Published February 14, 2012
Osteoarthritis is the most common joint disease affecting over 20 million individuals in the US alone. The Centers for Disease Control and Prevention (CDC) estimates the annual health care costs of the disease is upwards of $128 billion. In recent years this figure has grown, mostly due to the increasing age of the population. The CDC projects that an additional 8 million people will be diagnosed in the next decade.
Arthritis refers to a group of conditions that result in joint pain. Most often, people are referring to osteoarthritis (OA) when they discuss arthritis. OA or degenerative joint disease is characterized by changes in the cartilage that normally sits between bones at the joint. Cartilage acts as a cushion between the bones, but as the cartilage wears away, the space between the bone narrows until the underlying bone is exposed. Pain eventually results from wear on the naked bone, as well as increased stress and fatigue of the muscles that support the joint.
Other types of arthritis include: rheumatoid arthritis, septic arthritis or crystal-induced arthritis. Rheumatoid arthritis is an autoimmune disorder, characterized by an irregular attack on the immune system on the lining of the joint. As a result, the joint becomes inflamed and fluid builds up resulting in pain. This chronic disease can also result in damage of other organ systems. Early treatment is key to preventing disability from this disease.
Similarly, septic, or infectious, arthritis benefits greatly from early diagnosis and treatment, how it represents a much more acute process. When a joint becomes infected, bacteria can quickly cause permanent damage to the tissue.
Crystal-induced arthritis, gout and pseudogout, is caused by crystal deposits within the joint which cause an inflator response and pain.
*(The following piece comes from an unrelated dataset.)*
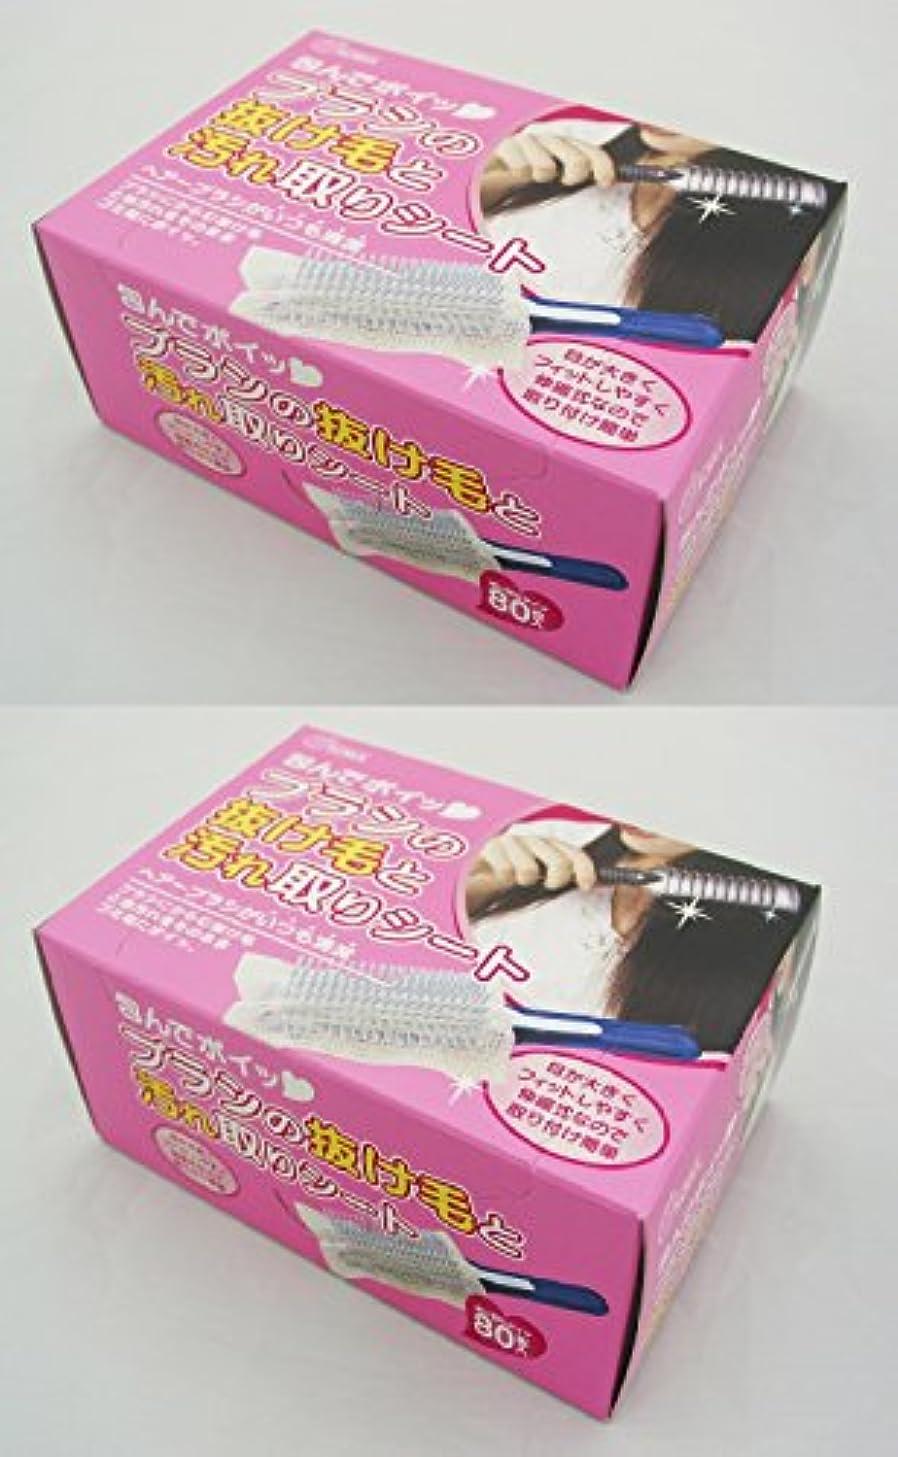 発行する特許塊ブラシの抜け毛と汚れ取りシート 80枚入 (2個)

Although the attacks are temporary at first, overtime, the deposits can result in permanent joint damage.
There is no single cause of OA, but rather, the condition is due to the accumulation of various stresses. For instances, those who are obese are at an increased risk. Not only does the extra weight translate into an increased load on your joints, but recent research suggests that body fat produces chemicals which appear to further harm the joint. Moreover, many individuals with chronic joint pain can usuallyrecall a specific injury or a history of overuse. Some jobs, like athletics, manual labor, machine operators and typists, have an increased risk of developing joint problems.
Thankfully, there are many ways to prevent damage and ease the pain of existing injury. Although pain medication can be helpful, I recommend non-pharmacologic interventions as first line treatment. Chronic use of over the counter pain medications can have consequences for your liver, kidneys and stomach, while not getting to the root of the problem.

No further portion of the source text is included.